Step 1: Let's start by taking an arbitrary element x from f^−1(G ∩ H). By definition of the inverse image, this means that f(x) is in G ∩ H. By definition of intersection, this means that f(x) is in G and f(x) is in H.

Step 2: Now, since f(x) is in G, this means that x is in f^−1(G) by definition of the inverse image. Similarly, since f(x) is in H, this means that x is in f^−1(H).

Step 3: Therefore, since x is in both f^−1(G) and f^−1(H), this means that x is in f^−1(G) ∩ f^−1(H) by definition of intersection. Since x was an arbitrary element from f^−1(G ∩ H), this shows that f^−1(G ∩ H) is a subset of f^−1(G) ∩ f^−1(H).

Step 4: Now, let's take an arbitrary element x from f^−1(G) ∩ f^−1(H). By definition of intersection, this means that x is in f^−1(G) and x is in f^−1(H). By definition of the inverse image, this means that f(x) is in G and f(x) is in H.

Step 5: Therefore, since f(x) is in both G and H, this means that f(x) is in G ∩ H by definition of intersection. Since x was an arbitrary element from f^−1(G) ∩ f^−1(H), this shows that f^−1(G) ∩ f^−1(H) is a subset of f^−1(G ∩ H).

Step 6: Since we have shown that each set is a subset of the other, this means that the two sets are equal. Therefore, f^−1(G ∩ H) = f^−1(G) ∩ f^−1(H).

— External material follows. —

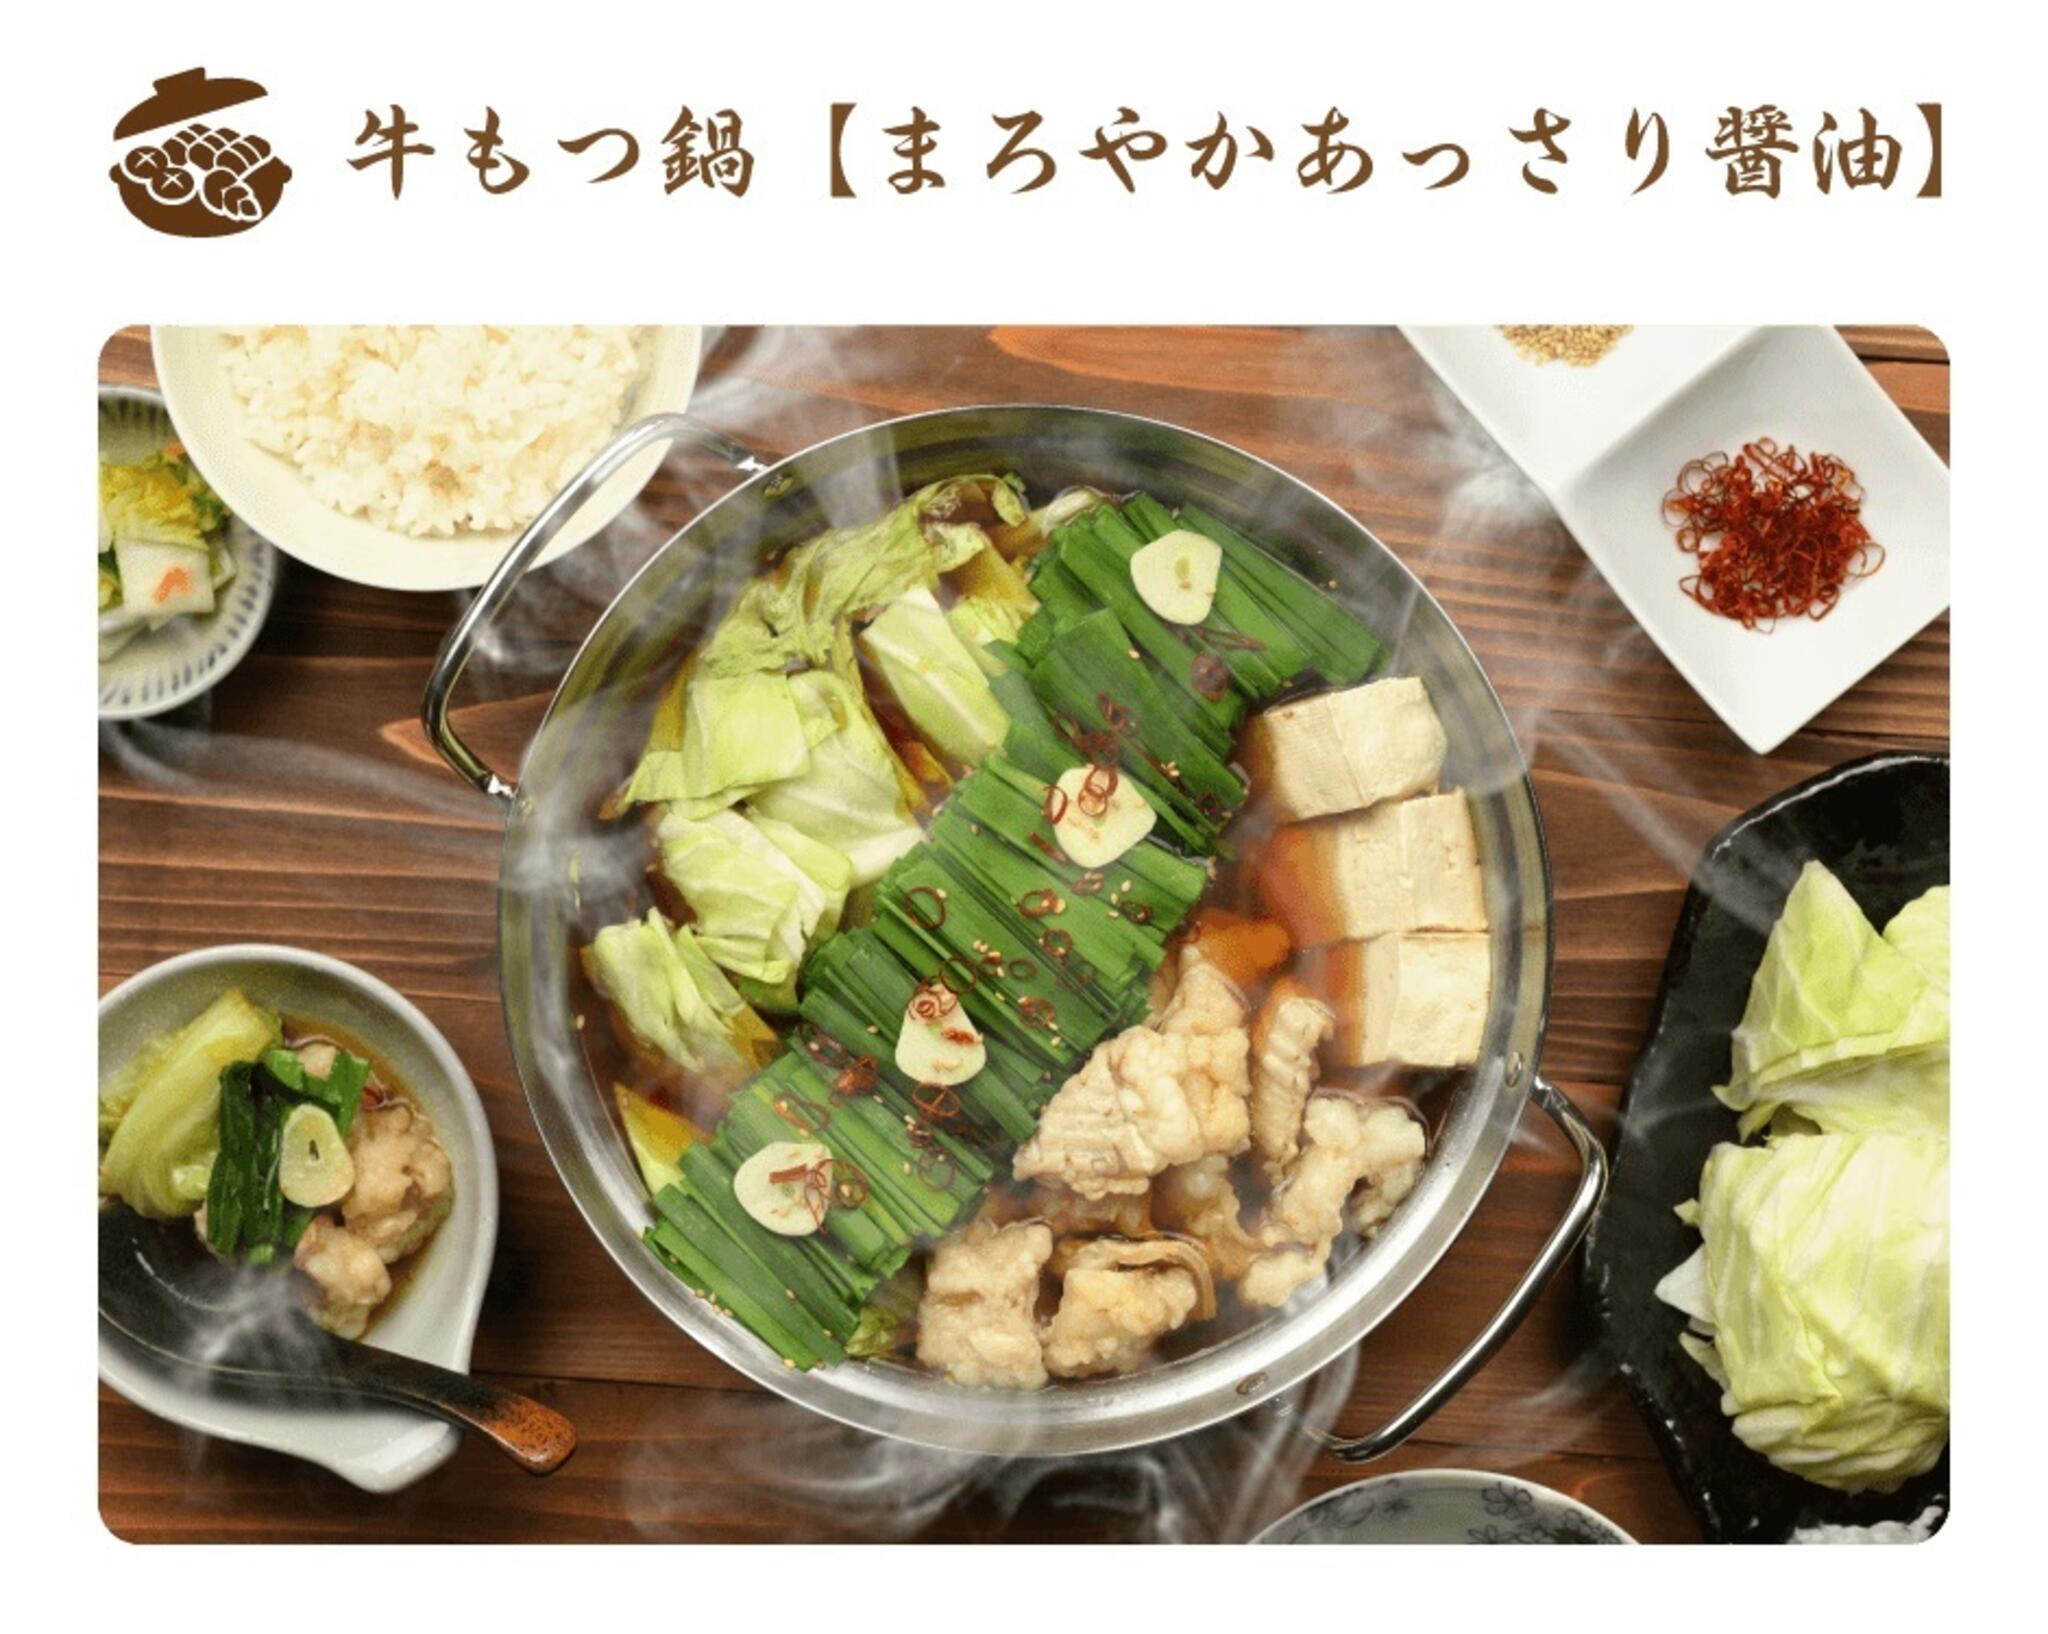 焼肉冷麺やまなか家 上田バイパス店からのお知らせ(🍲やまなか家通販限定❕鍋特集🍲)に関する写真
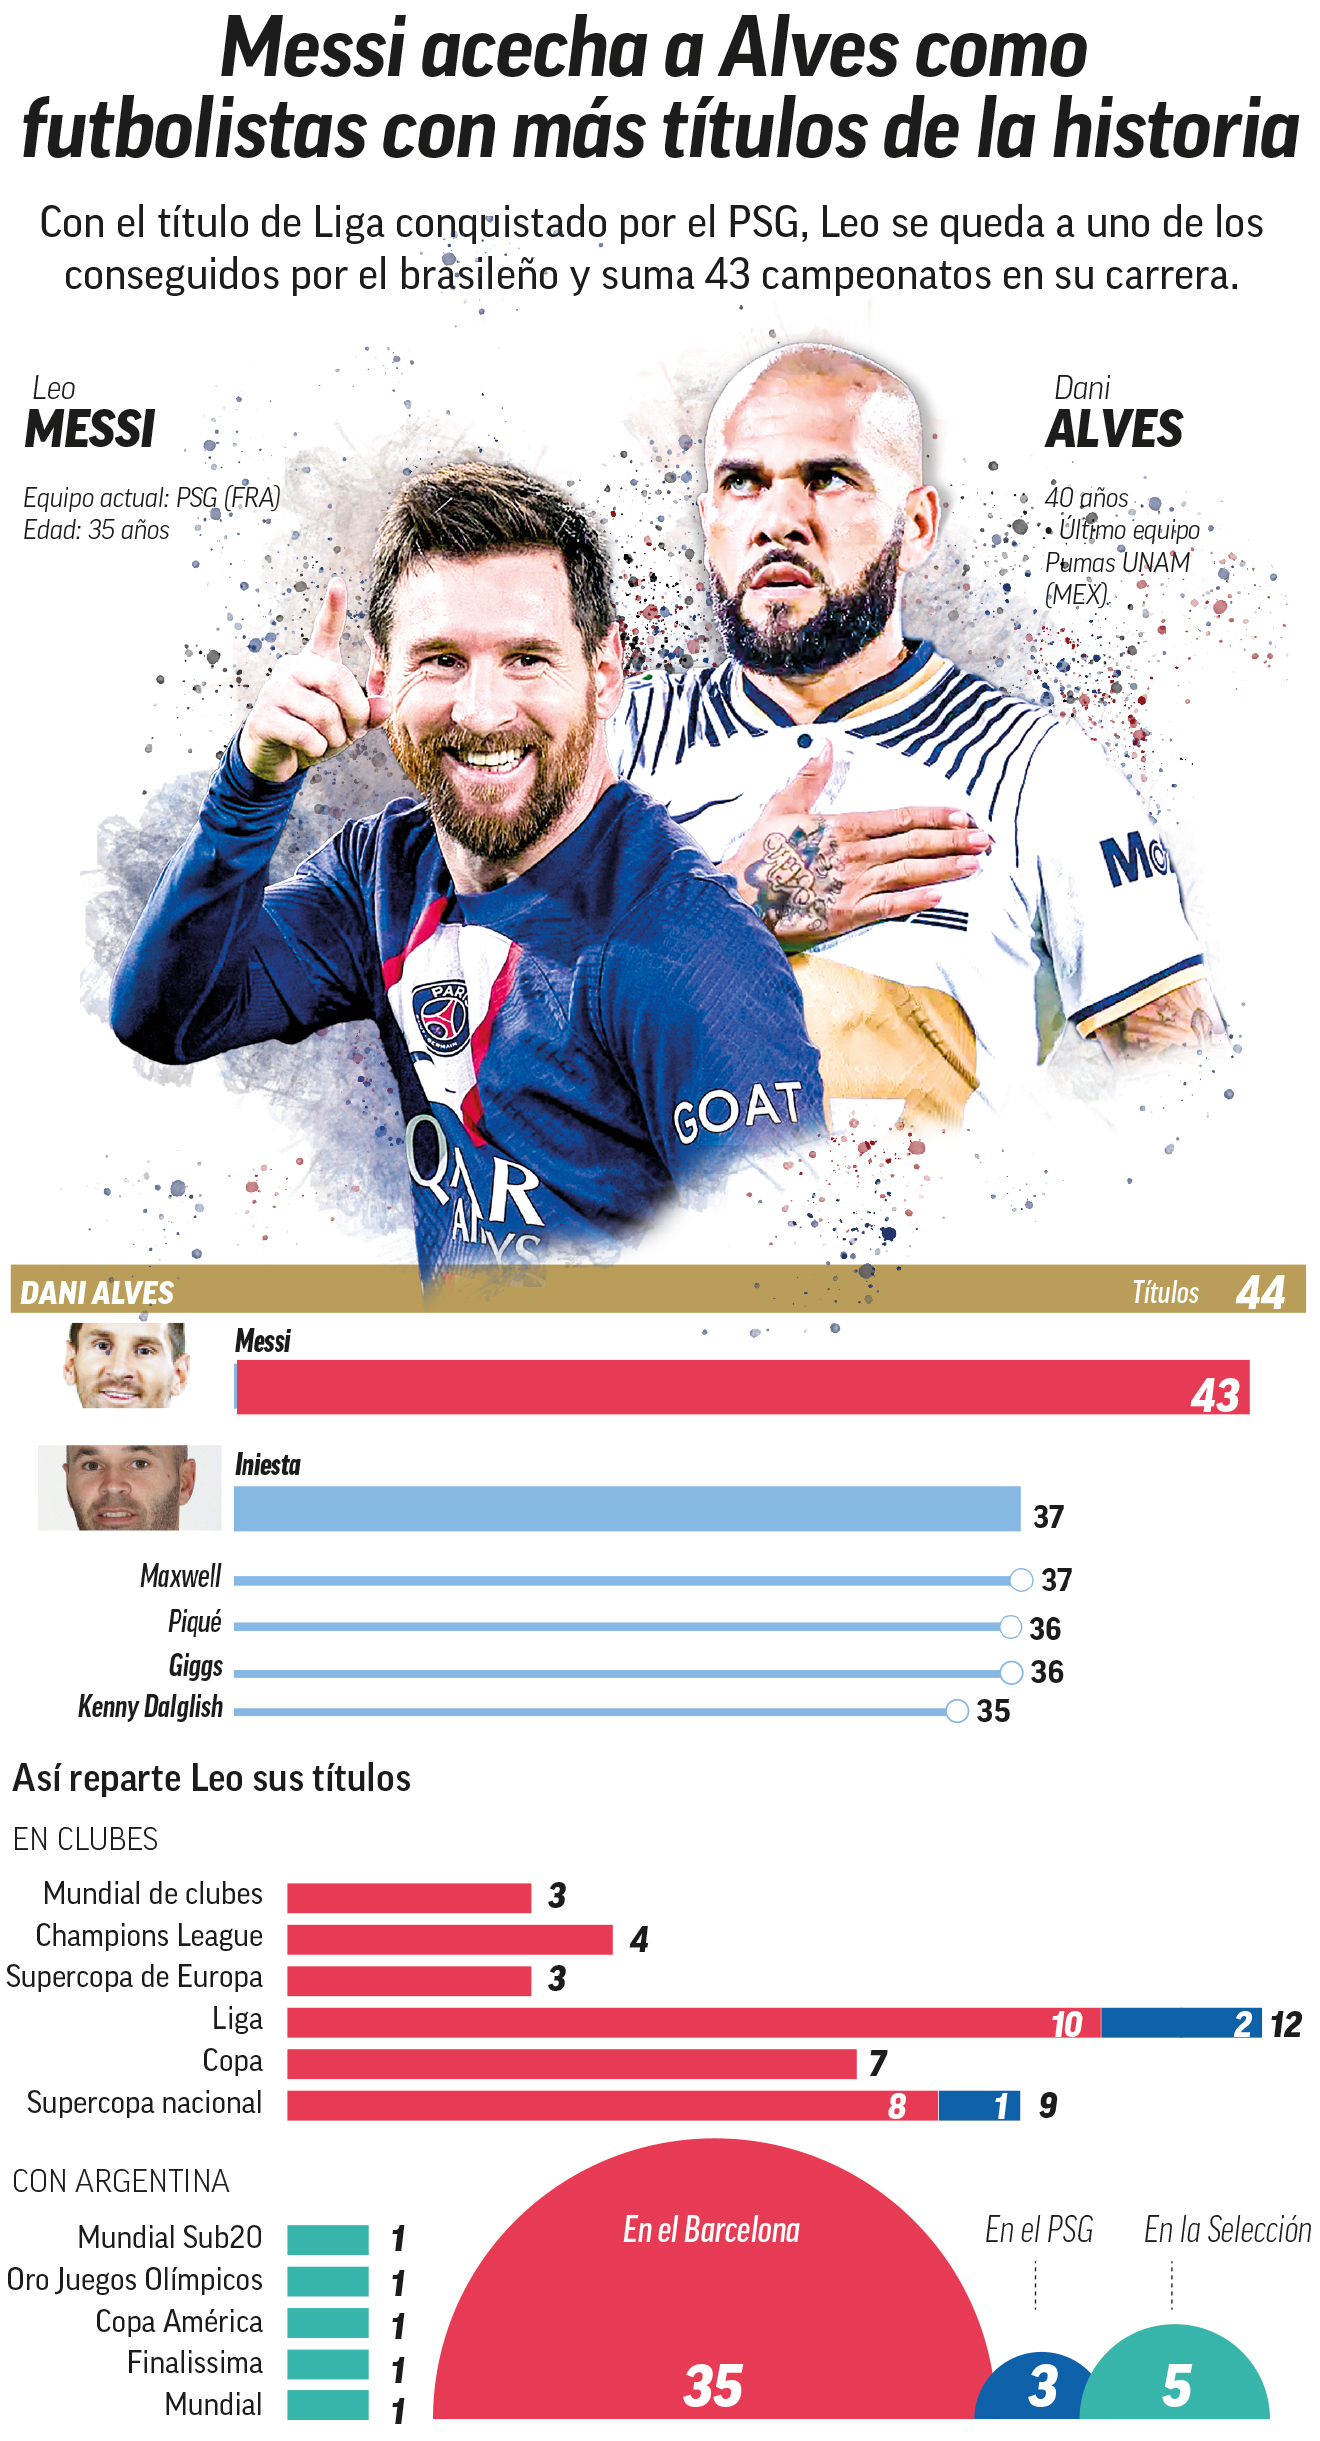 Leo Messi acecha más que nunca a Dani Alves como futbolista con más títulos de la historia

Knowee AI · Accepted Answer

To prove that f^−1(G ∩ H) = f^−1(G) ∩ f^−1(H), we will use the definition of the inverse image and the properties of sets.

Step 1: Let's start by taking an arbitrary element x from f^−1(G ∩ H). By definition of the inverse image, this means that f(x) is in G ∩ H. By definition of intersection, this means that f(x) is in G and f(x) is in H.

Step 2: Now, since f(x) is in G, this means that x is in f^−1(G) by definition of the inverse image. Similarly, since f(x) is in H, this means that x is in f^−1(H).

Step 3: Therefore, since x is in both f^−1(G) and f^−1(H), this means that x is in f^−1(G) ∩ f^−1(H) by definition of intersection. Since x was an arbitrary element from f^−1(G ∩ H), this shows that f^−1(G ∩ H) is a subset of f^−1(G) ∩ f^−1(H).

Step 4: Now, let's take an arbitrary element x from f^−1(G) ∩ f^−1(H). By definition of intersection, this means that x is in f^−1(G) and x is in f^−1(H). By definition of the inverse image, this means that f(x) is in G and f(x) is in H.

Step 5: Therefore, since f(x) is in both G and H, this means that f(x) is in G ∩ H by definition of intersection. Since x was an arbitrary element from f^−1(G) ∩ f^−1(H), this shows that f^−1(G) ∩ f^−1(H) is a subset of f^−1(G ∩ H).

Step 6: Since we have shown that each set is a subset of the other, this means that the two sets are equal. Therefore, f^−1(G ∩ H) = f^−1(G) ∩ f^−1(H).

Prove thatf −1(G ∩ H) = f −1(G) ∩ f −1(H)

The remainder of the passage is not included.